Collaborative Inference for Large Models with Task Offloading and Early Exiting

Abstract: In 5G smart cities, edge computing is employed to provide nearby computing services for end devices, and the large-scale models (e.g., GPT and LLaMA) can be deployed at the network edge to boost the service quality. However, due to the constraints of memory size and computing capacity, it is difficult to run these large-scale models on a single edge node. To meet the resource constraints, a large-scale model can be partitioned into multiple sub-models and deployed across multiple edge nodes. Then tasks are offloaded to the edge nodes for collaborative inference. Additionally, we incorporate the early exit mechanism to further accelerate inference. However, the heterogeneous system and dynamic environment will significantly affect the inference efficiency.

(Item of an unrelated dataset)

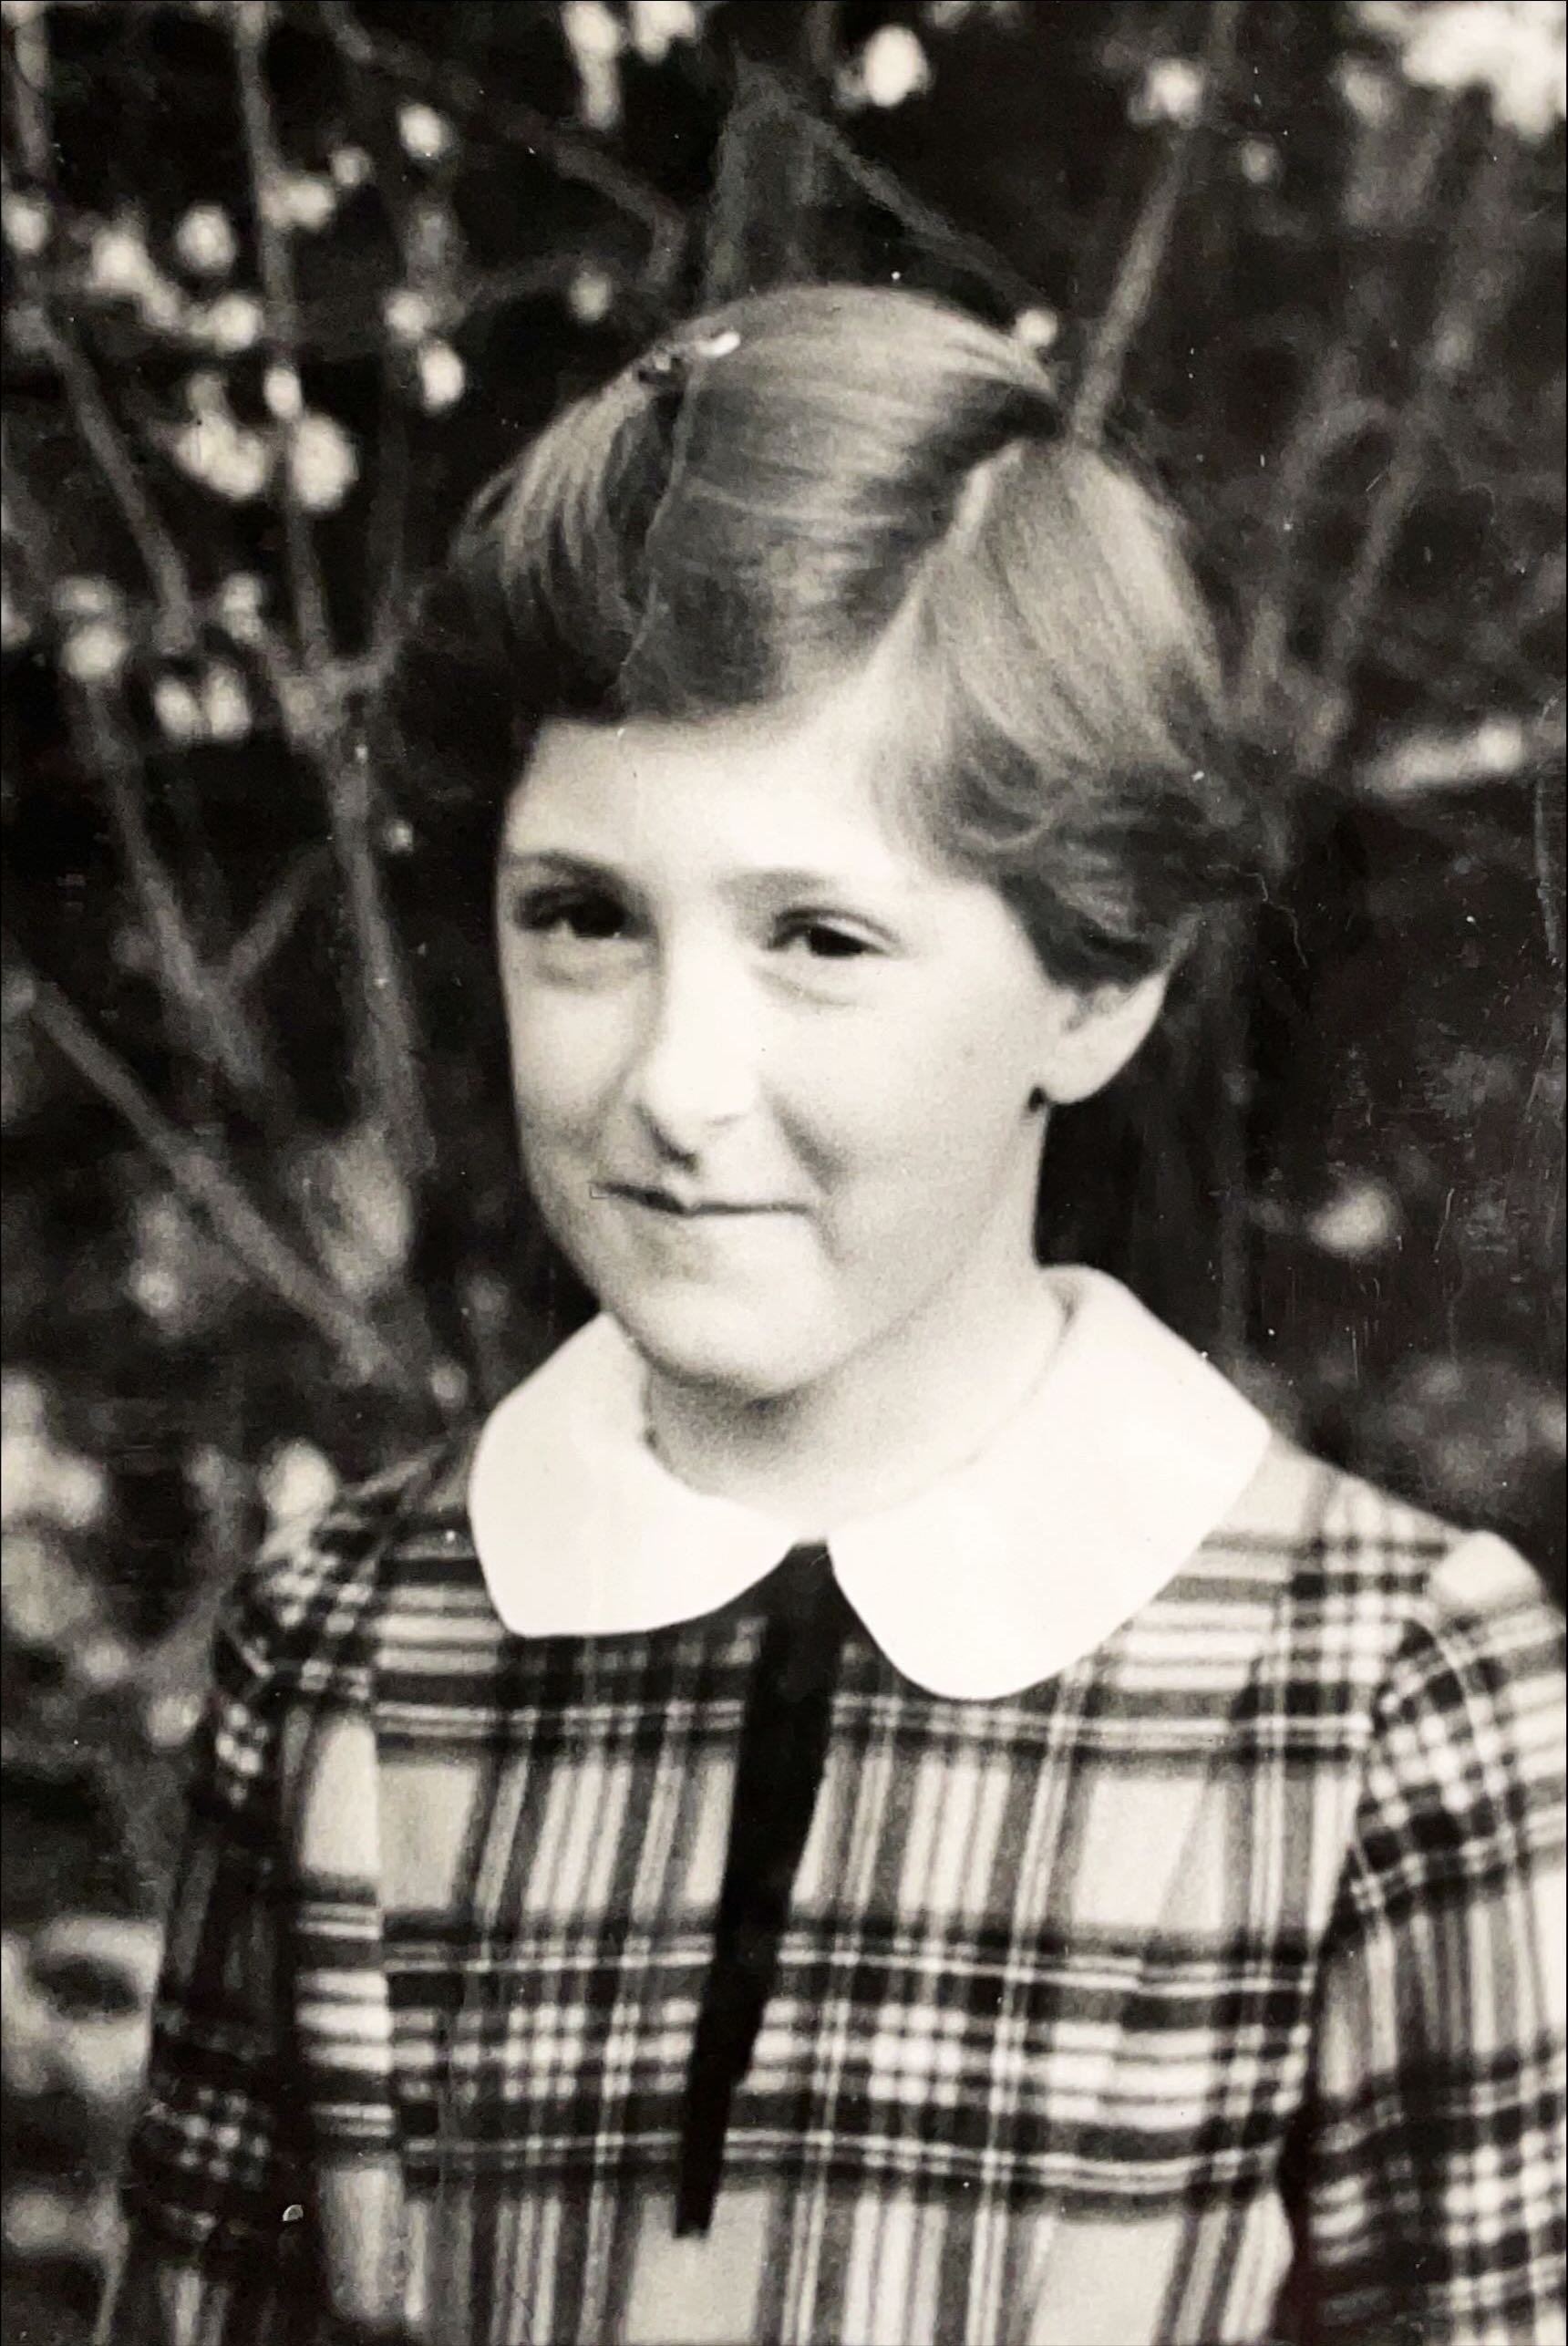 Sallie Ashfield, one of the four carriers of posies.
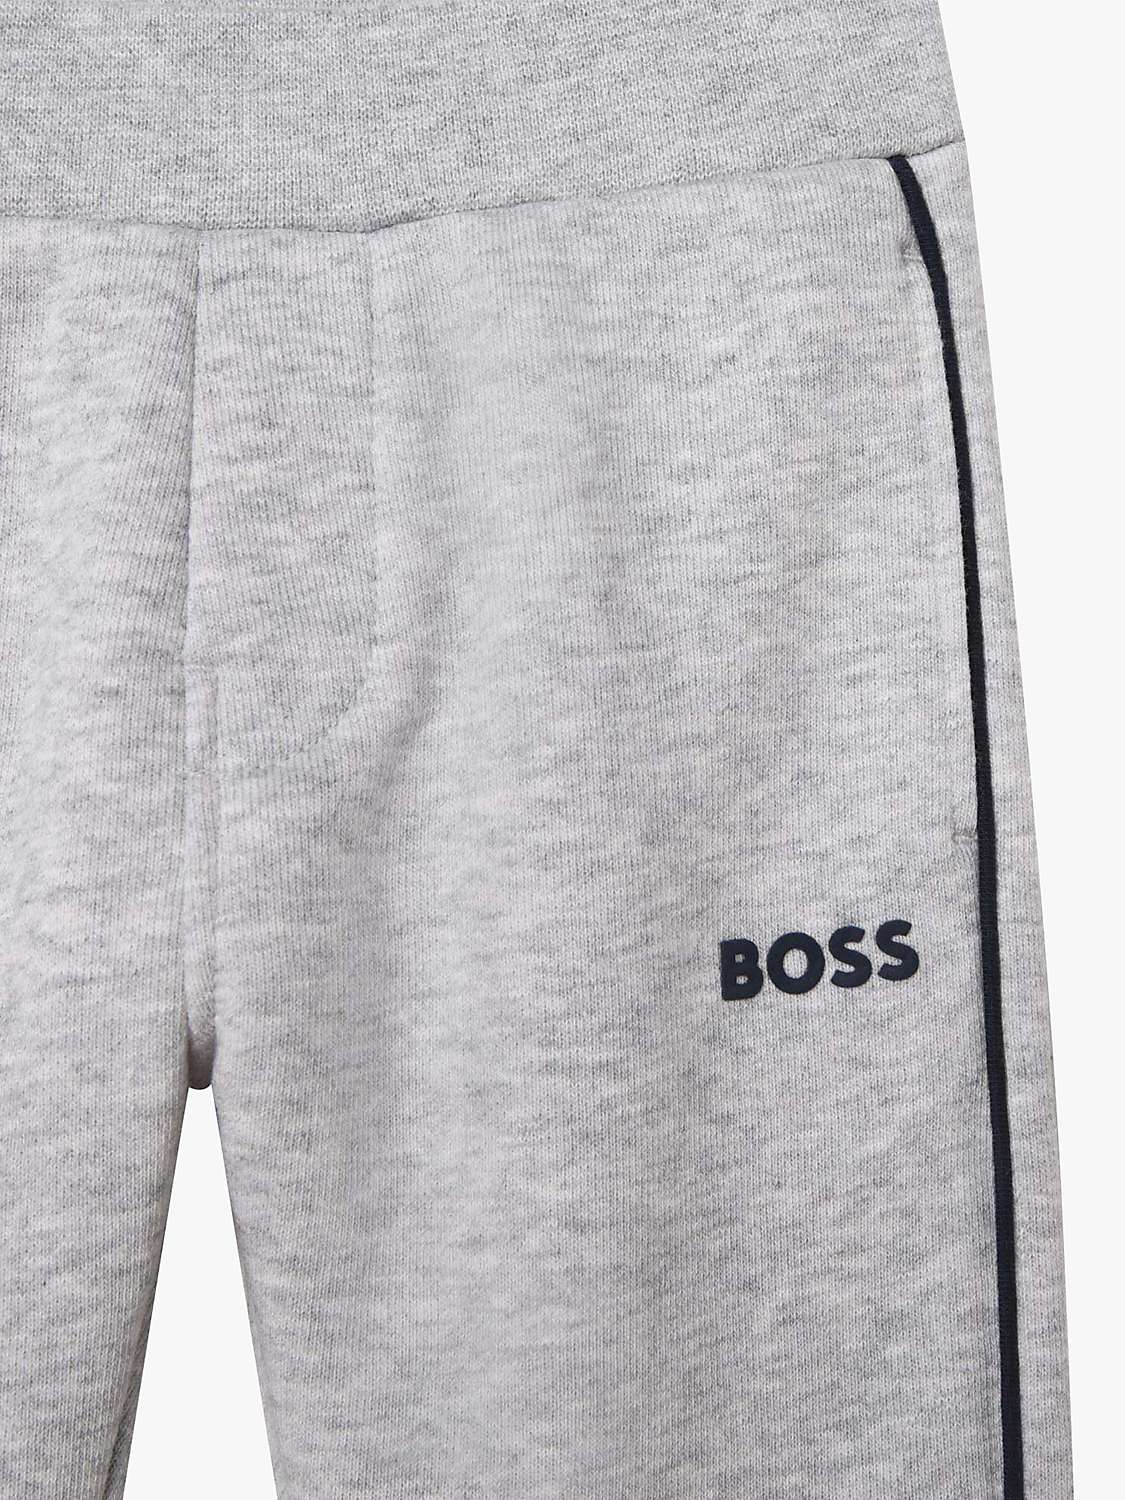 Buy BOSS Baby French Terry Track Trousers, Grey/Multi Online at johnlewis.com

To address these challenges, we theoretically analyze the coupled relationship between task offloading strategy and confidence thresholds, and develop a distributed algorithm, termed DTO-EE, based on the coupled relationship and convex optimization. DTO-EE enables each edge node to jointly optimize its offloading strategy and the confidence threshold, so as to achieve a promising trade-off between response delay and inference accuracy. The experimental results show that DTO-EE can reduce the average response delay by 21%-41% and improve the inference accuracy by 1%-4%, compared to the baselines.